WHAT YOU ARE ASKED TO DO
Beginning with the line that contains "Mr. Pen- Flexible", restate each line below through the final one exactly, and exclude the pictures.

EXERCISE DATA
────────

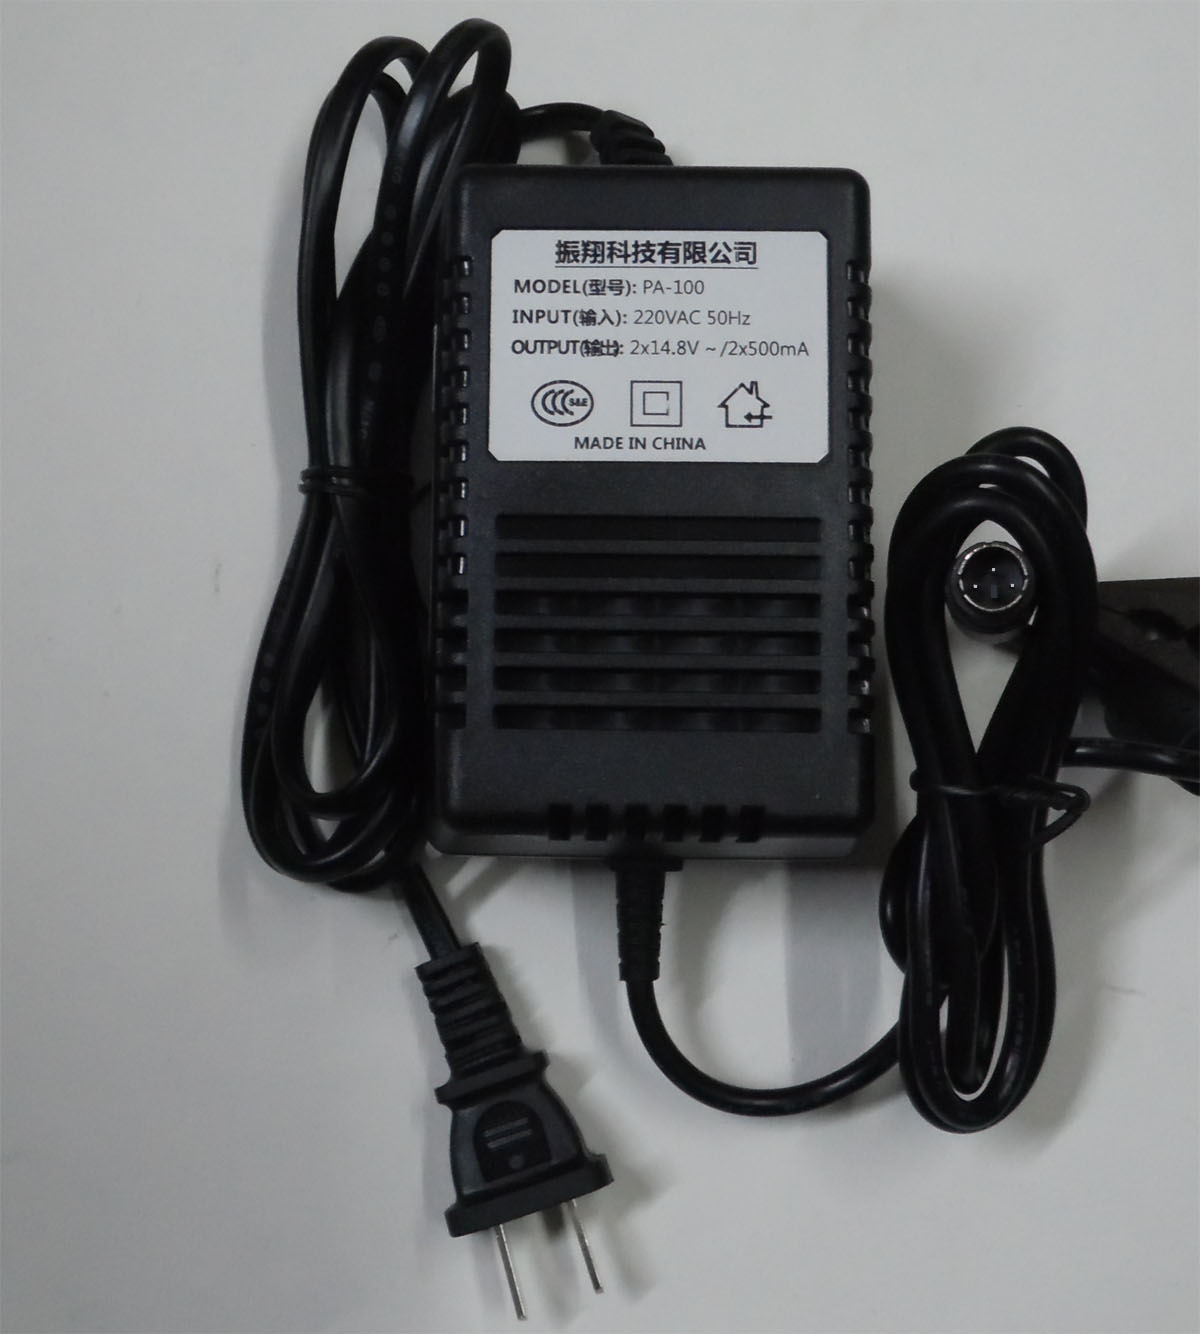 New XENYX1002FX 1202FX PA-100 Behringer AC/DC POWER SUPPLY ADAPTER
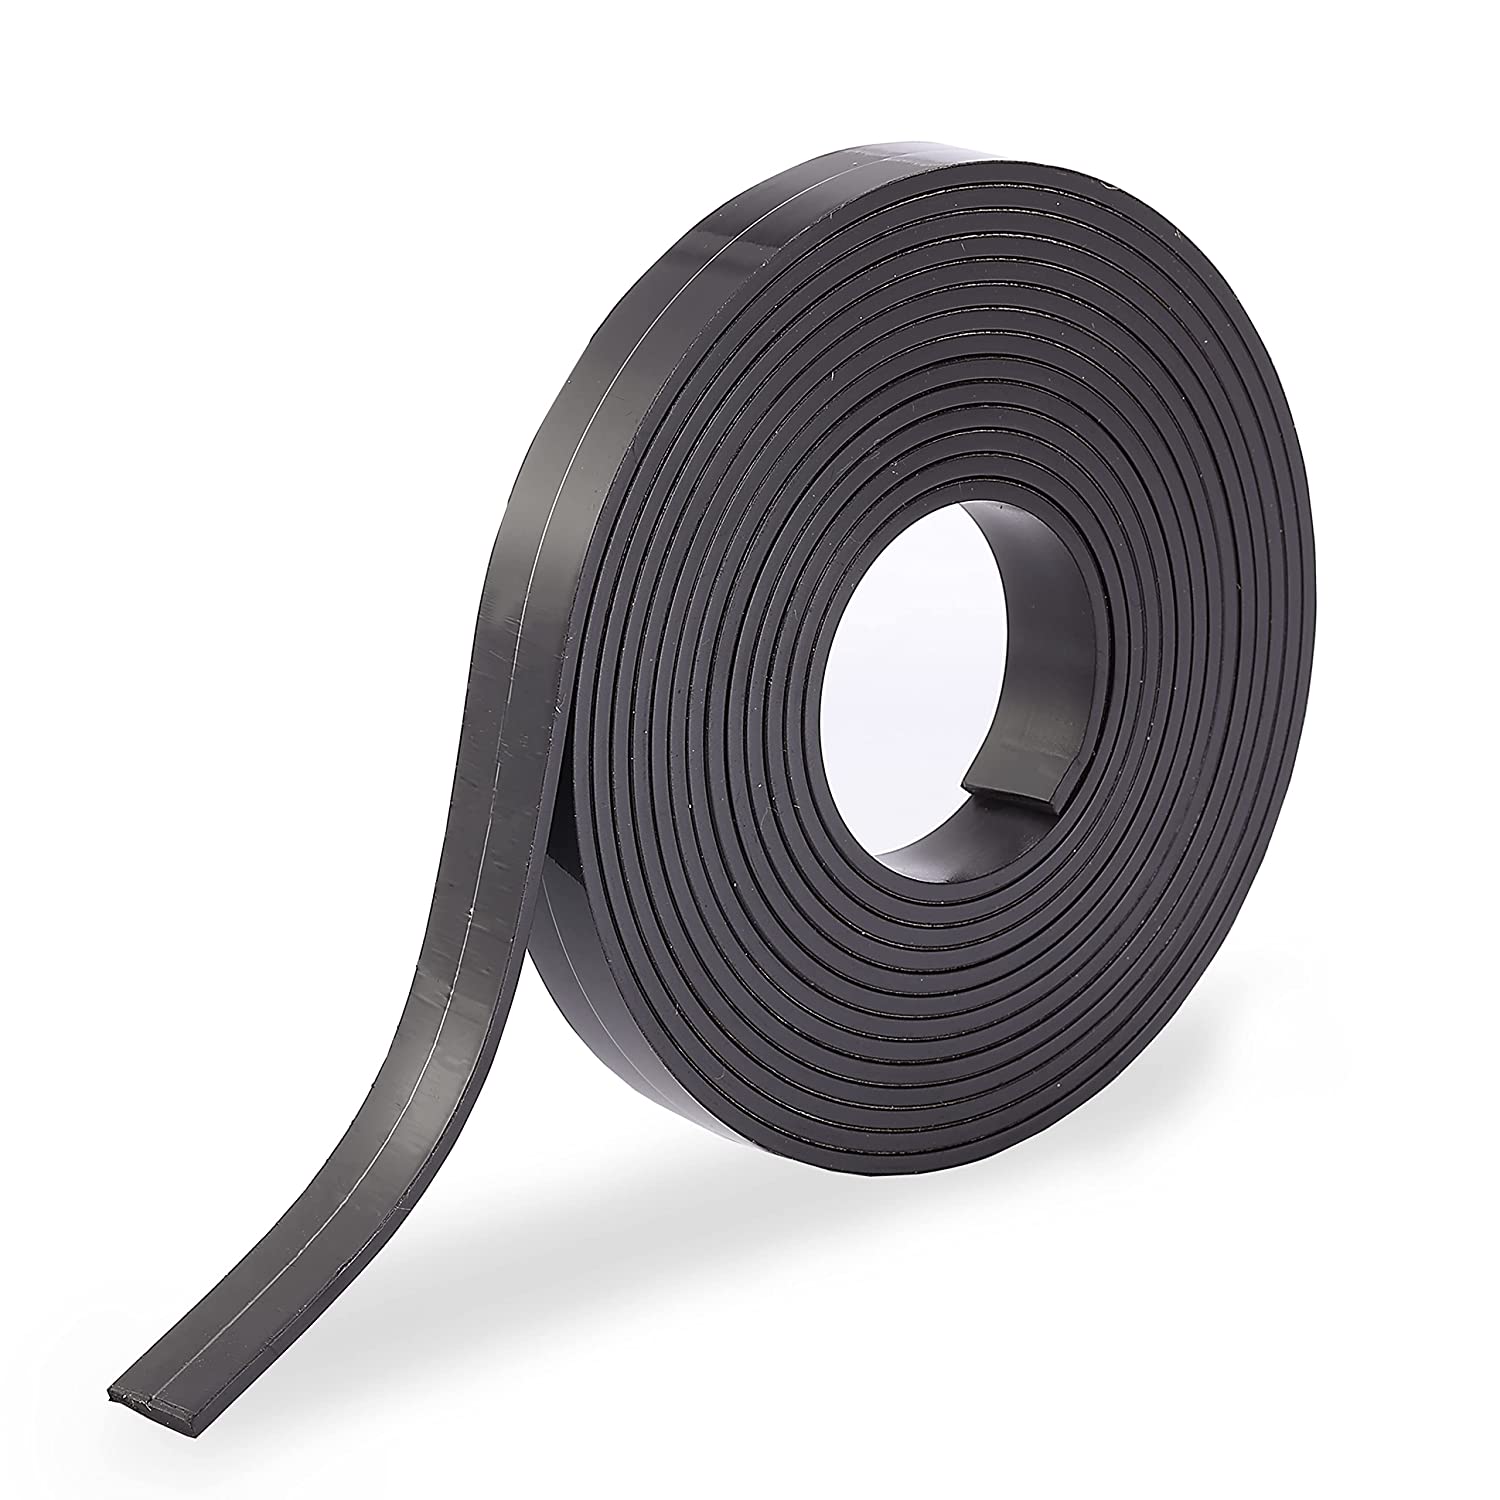 Mr. Pen- Flexible Magnetic Tape, 1/2 Inch x 10 Feet, Magnetic Strip,  Magnets with Adhesive Backing
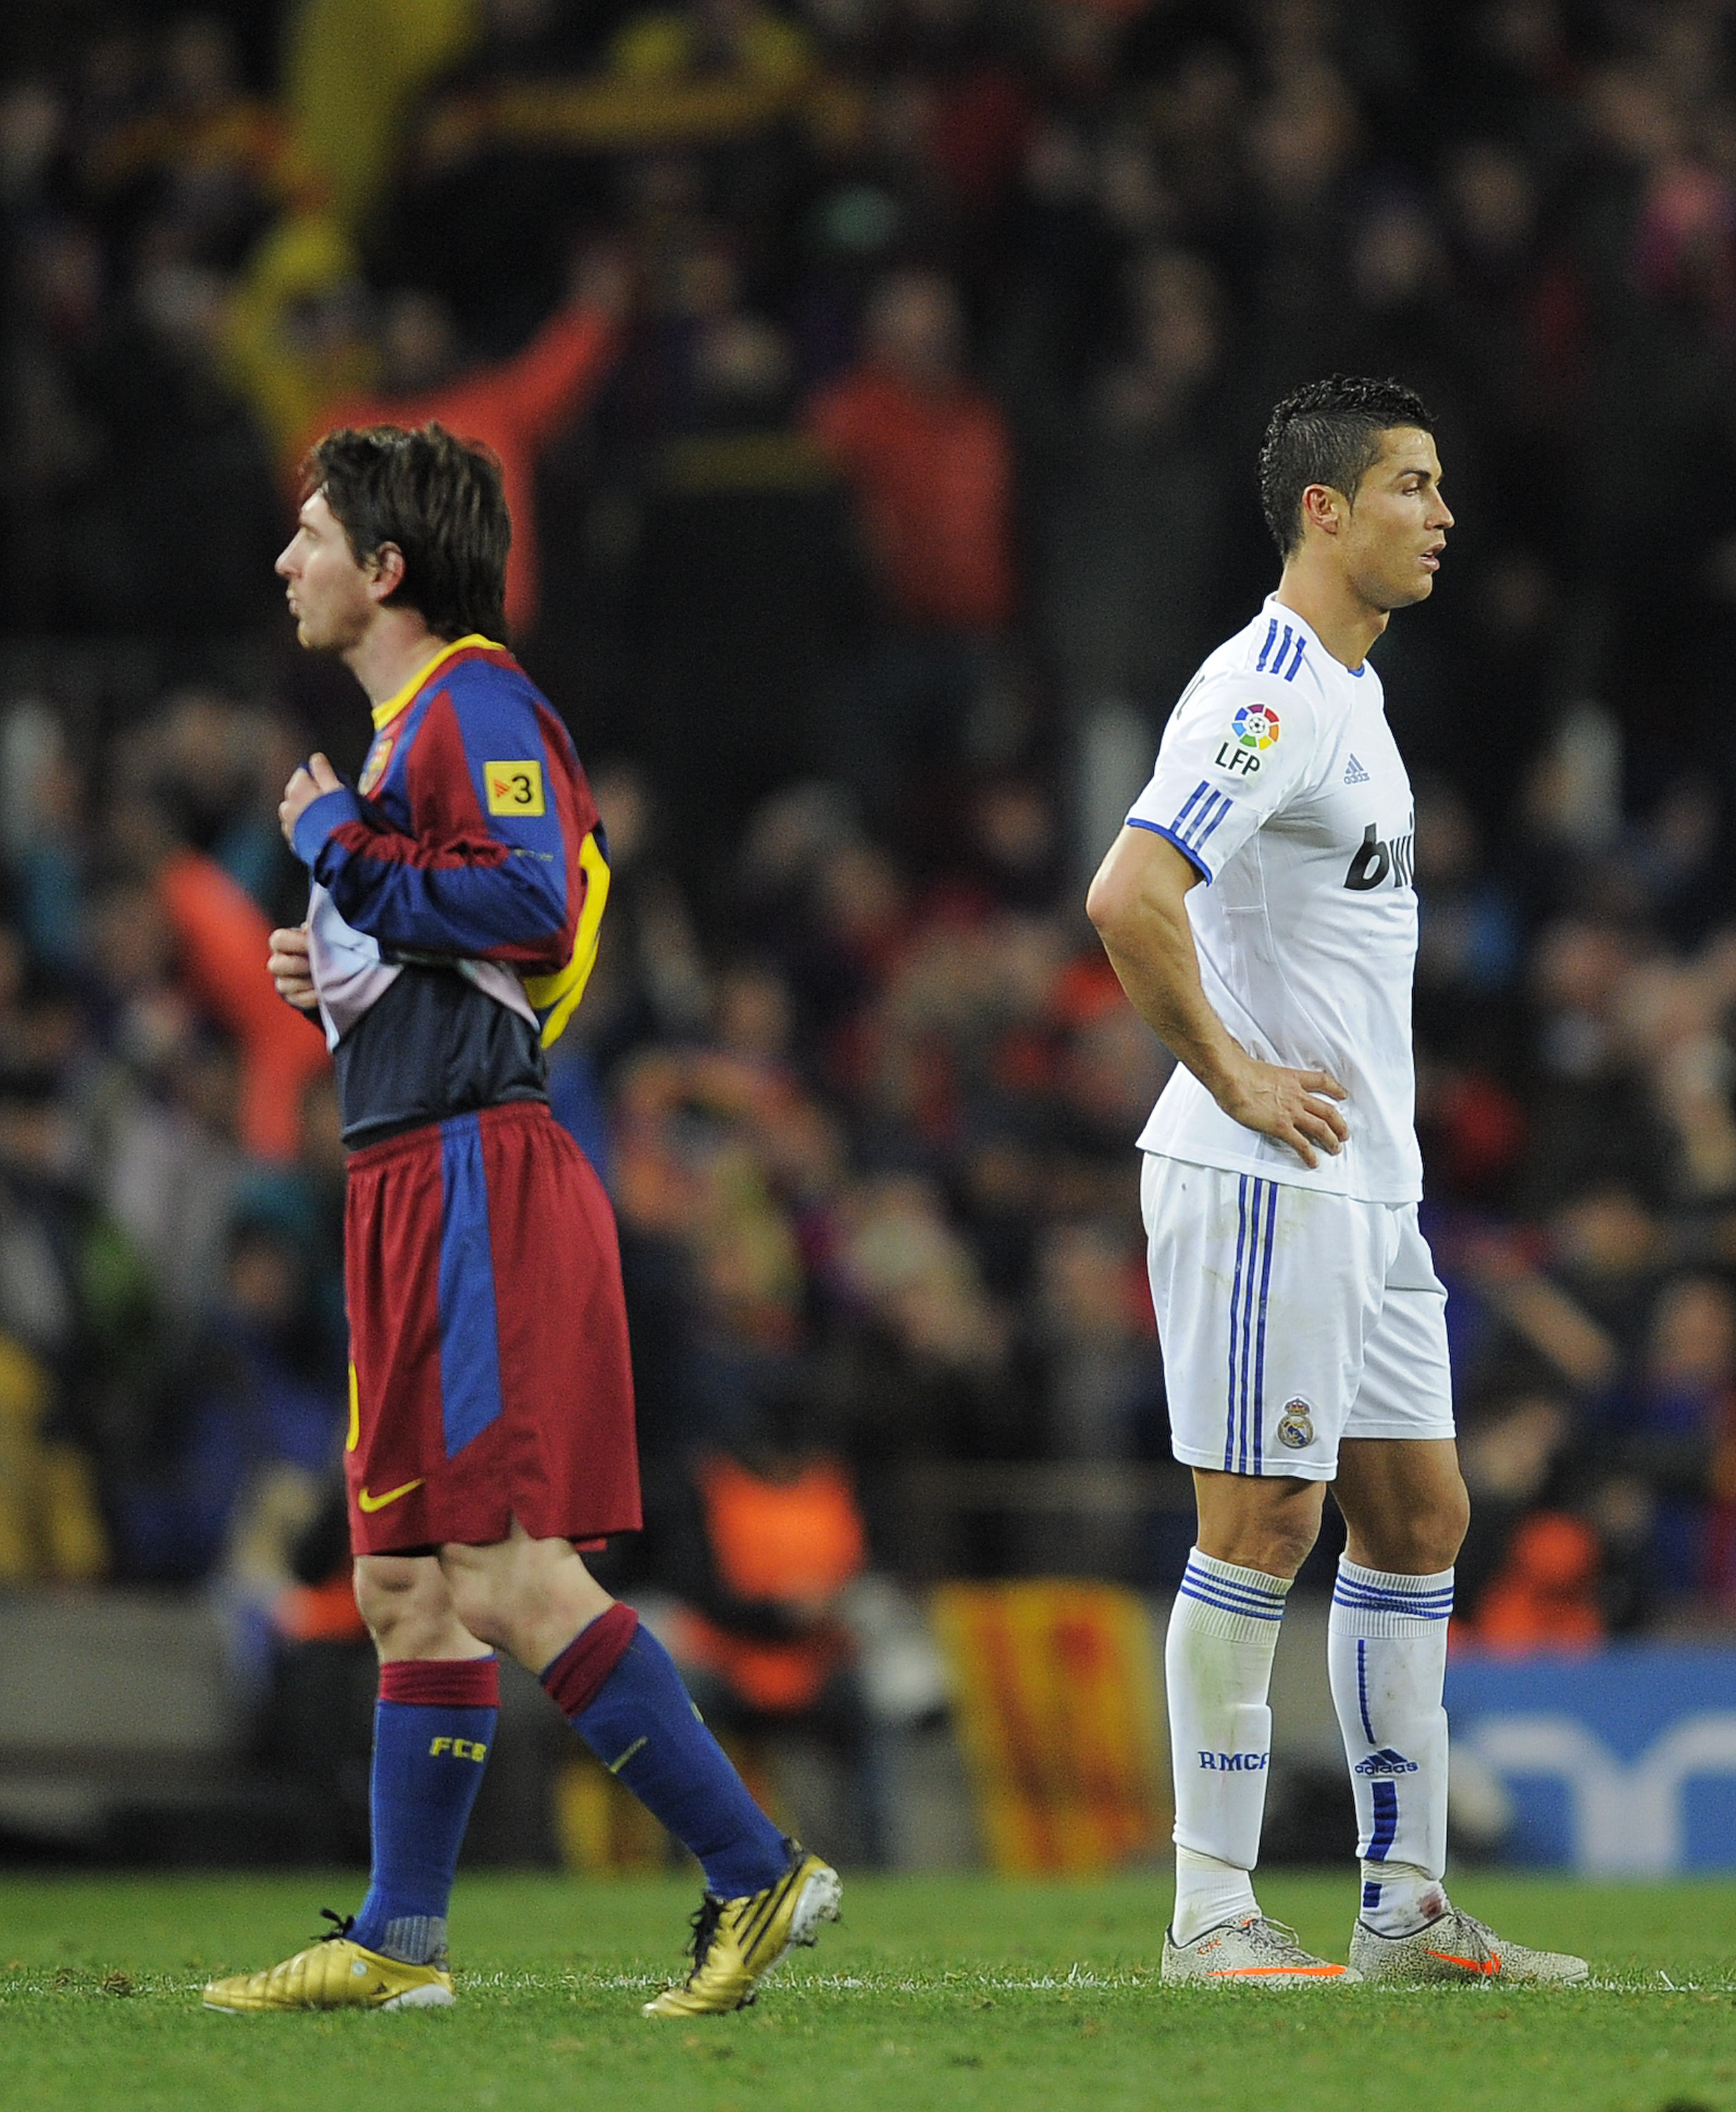 BARCELONA, SPAIN - NOVEMBER 29:  Cristiano Ronaldo of Real Madrid (R) and Lionel Messi of FC Barcelona look on during the La Liga match between Barcelona and Real Madrid at the Camp Nou Stadium on November 29, 2010 in Barcelona, Spain.  Barcelona won the

────────

WRITTEN SOLUTION
 Mr. Pen- Flexible Magnetic Tape, 1/2 Inch x 10 Feet, Magnetic Strip,  Magnets with Adhesive Backing
 BARCELONA, SPAIN - NOVEMBER 29:  Cristiano Ronaldo of Real Madrid (R) and Lionel Messi of FC Barcelona look on during the La Liga match between Barcelona and Real Madrid at the Camp Nou Stadium on November 29, 2010 in Barcelona, Spain.  Barcelona won the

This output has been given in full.